CHAPTER X

March 15th, 1894; St John's Street, Kingsport.

Priscilla Reports #51

There is a light around Anne Shirley. Perhaps she doesn't have red hair at all but simply glows with her own brilliance. I already knew of her capacity for hard work but that is nothing to her talent for squeezing every drop out of life. Running headlong into every possibility Kingsport can offer; life drawing, choir, poetry, amateur dramatics – and that was only this term. How is it possible that she can doodle her days away, yet still be favourite to win the Thorburn?

Gil might have offered serious competition but as soon as Anne set her sights on the English scholarship Gilbert resolved to win the Philology prize. I seriously think he could win both, but these days Gilbert and serious have no time for each other. In fact, time is something he is also short of. I wonder if he has one of those clocks I read about in 'Kingsport Chronicles' that allow one to travel back to yesterday? I don't know how else he is managing it. If he isn't competing in one thing or chairing another, he is escorting someone to something else.

When I say someone, I mean Anne. The two of them are inseparable – though I'm usually included in all their antics, which now runs to the final debate against St Stephen's! I really haven't time to prepare, exams are next week. But what does that matter? Mr. Rawley is to marry in April just as I am to return home for the summer. And every moment I spend with my chums is one where I am not imagining myself storming the church and declaring I have just cause why Nate shouldn't marry Miss Dixon after all.

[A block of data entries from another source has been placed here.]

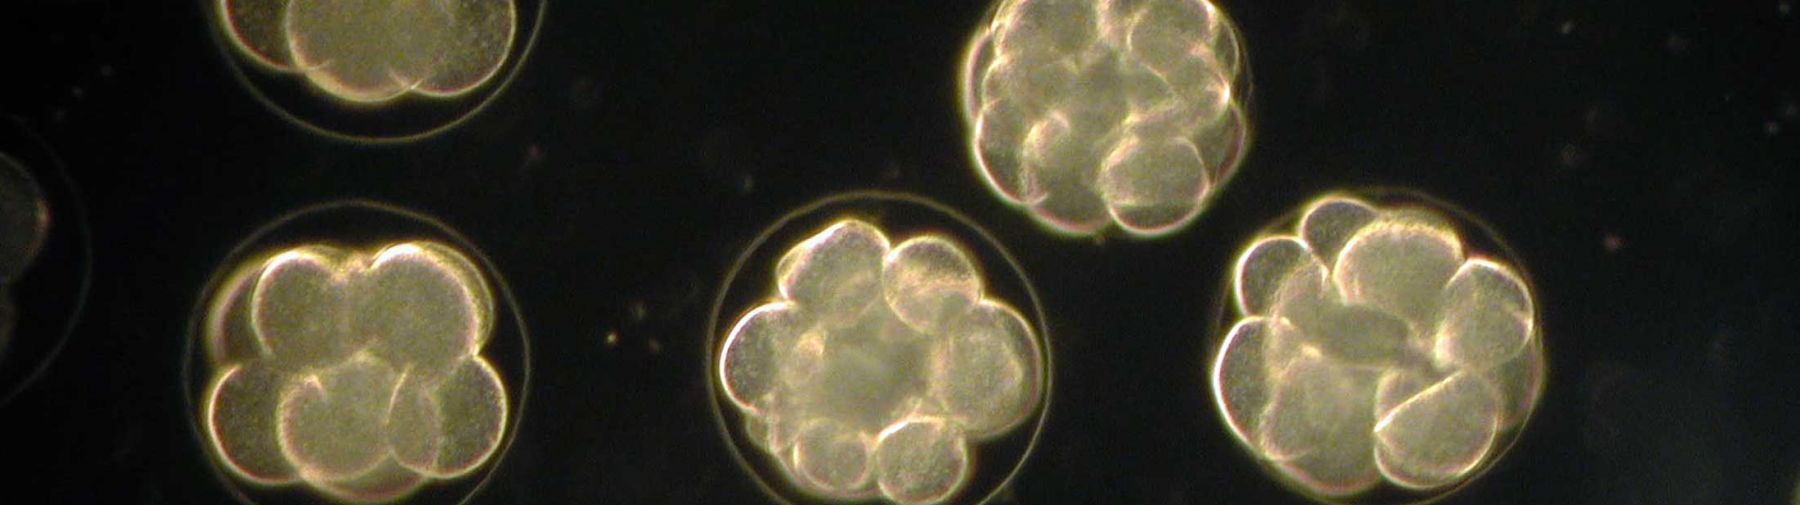 Sea Urchin Embryos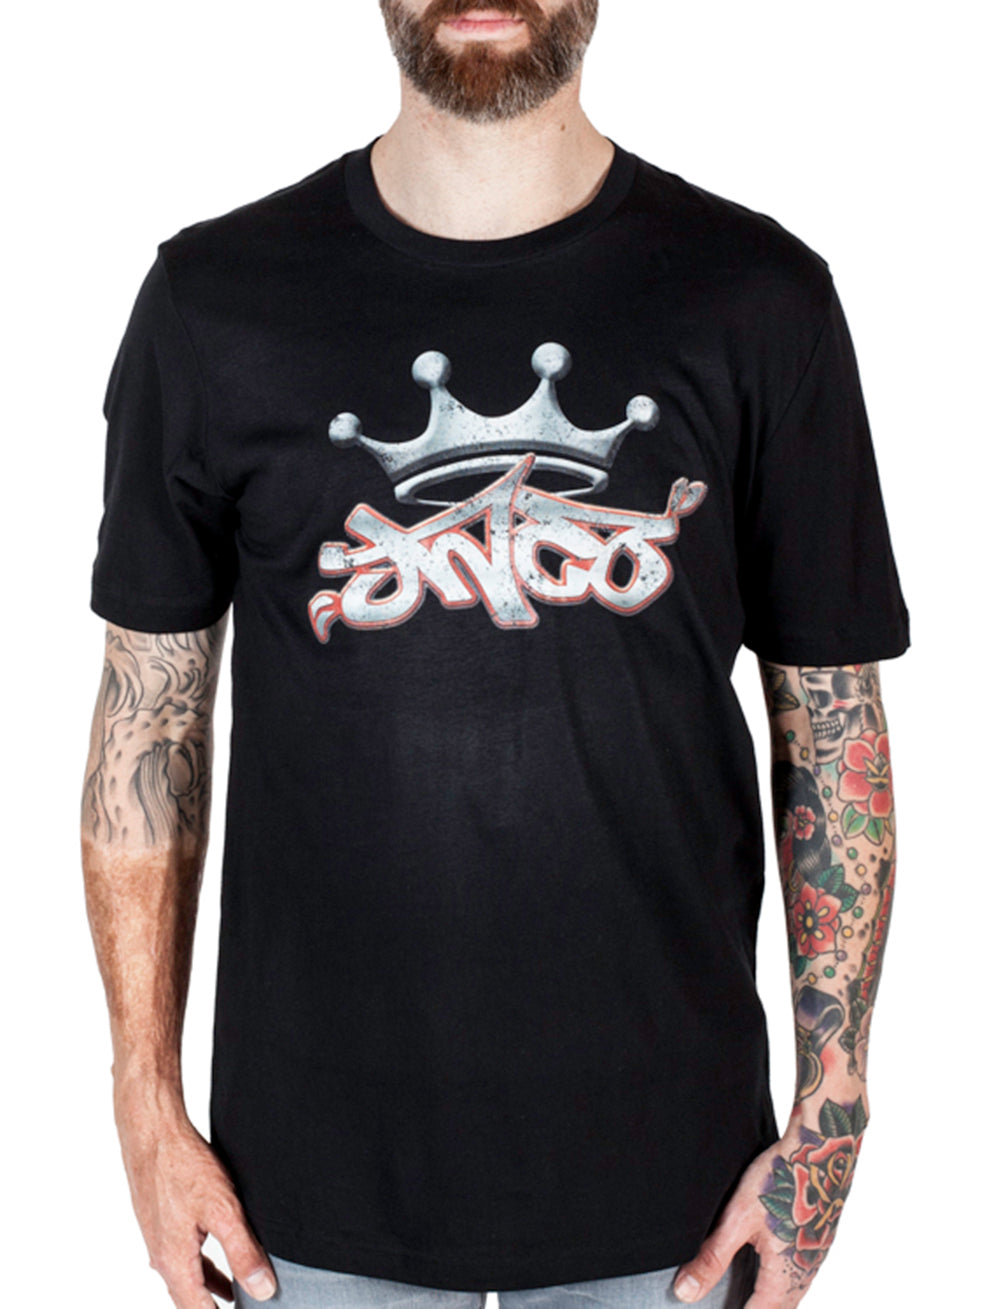 JNCO Clothing - Patch Mens JNCO T-Shirt (Black)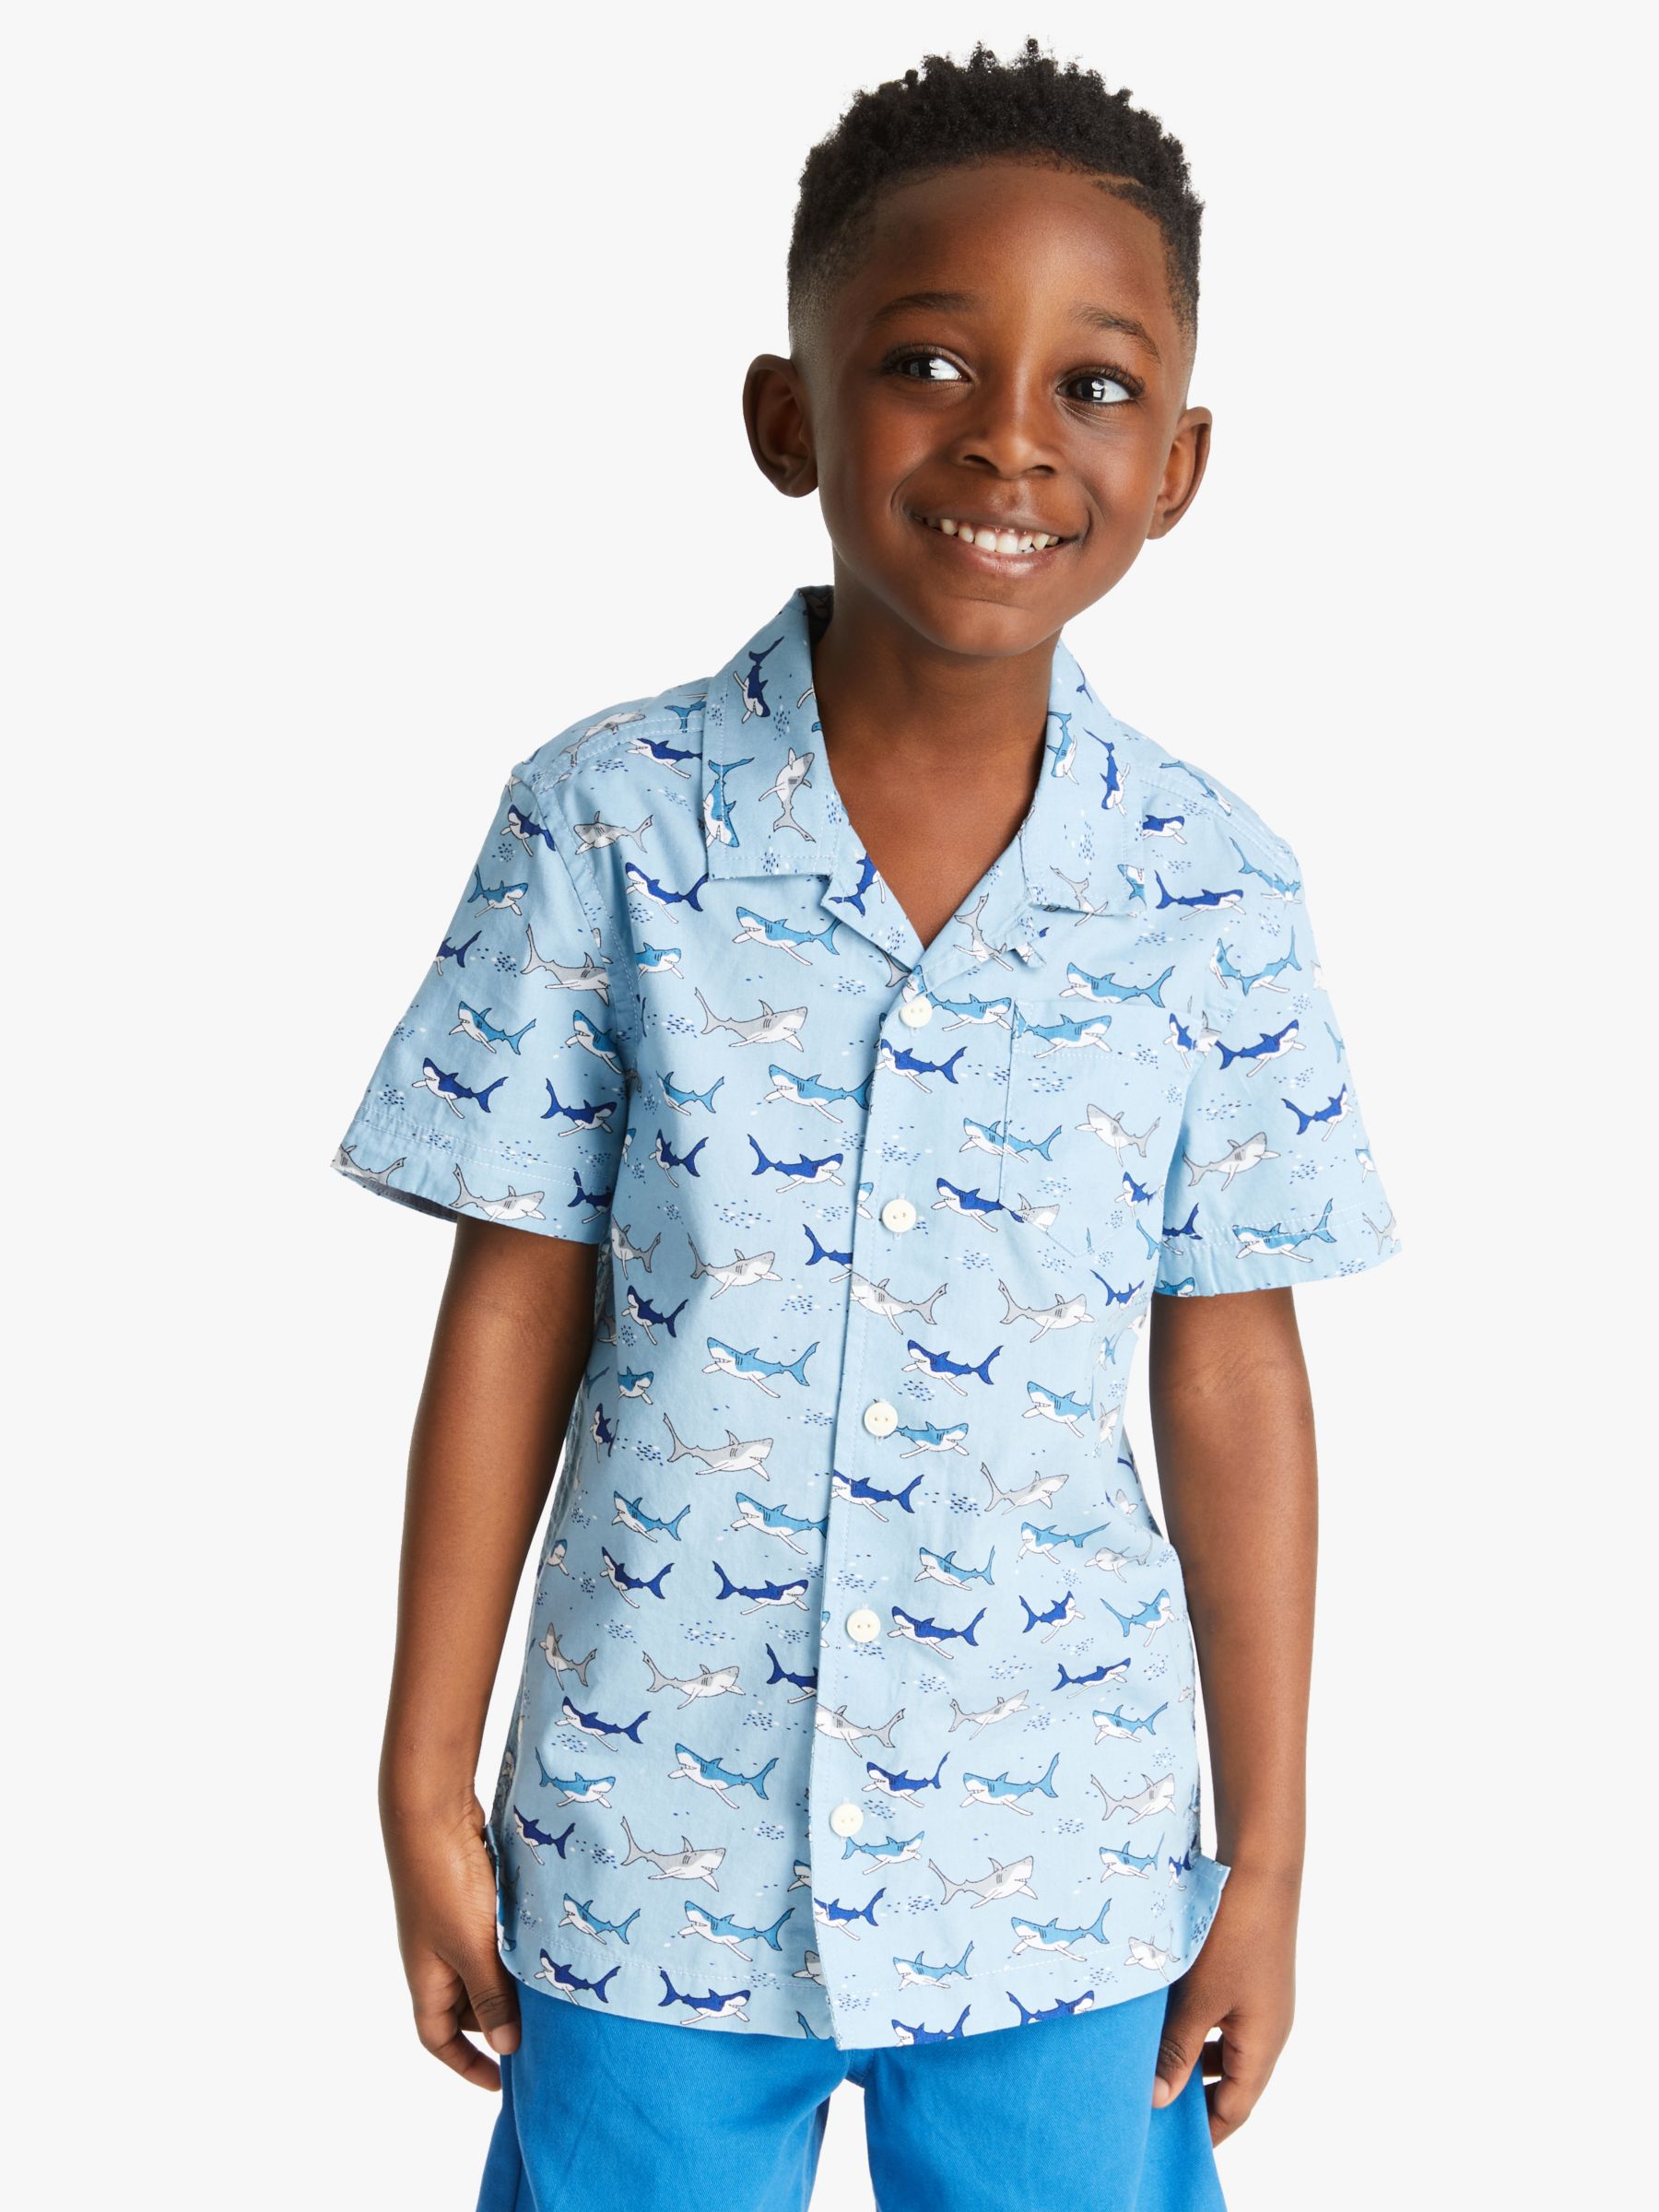 Image of John Lewis and Partners Boys Shark Print Shirt Blue

Stella wrote that I should burn Nate's letters and send back the charred remains. Anne just held me close, soothed my tears, and declared me a third in whatever she and Gilbert do together. Phil thinks it terribly old fashioned the way I 'chaperone' Anne everywhere. Last evening, she announced it a mystery how we Island folk ever managed to populate P.E.I. and said she wouldn't be surprised if we built our marriage beds for three as well! Anne looked quite deadly, until Gil replied, "Well if you miss out in the Kepler prize, Phil, you can always lay claim to putting the pert in pretty!" Then he and Anne fell about laughing, making words from the phrase pretty Philippa Gordon.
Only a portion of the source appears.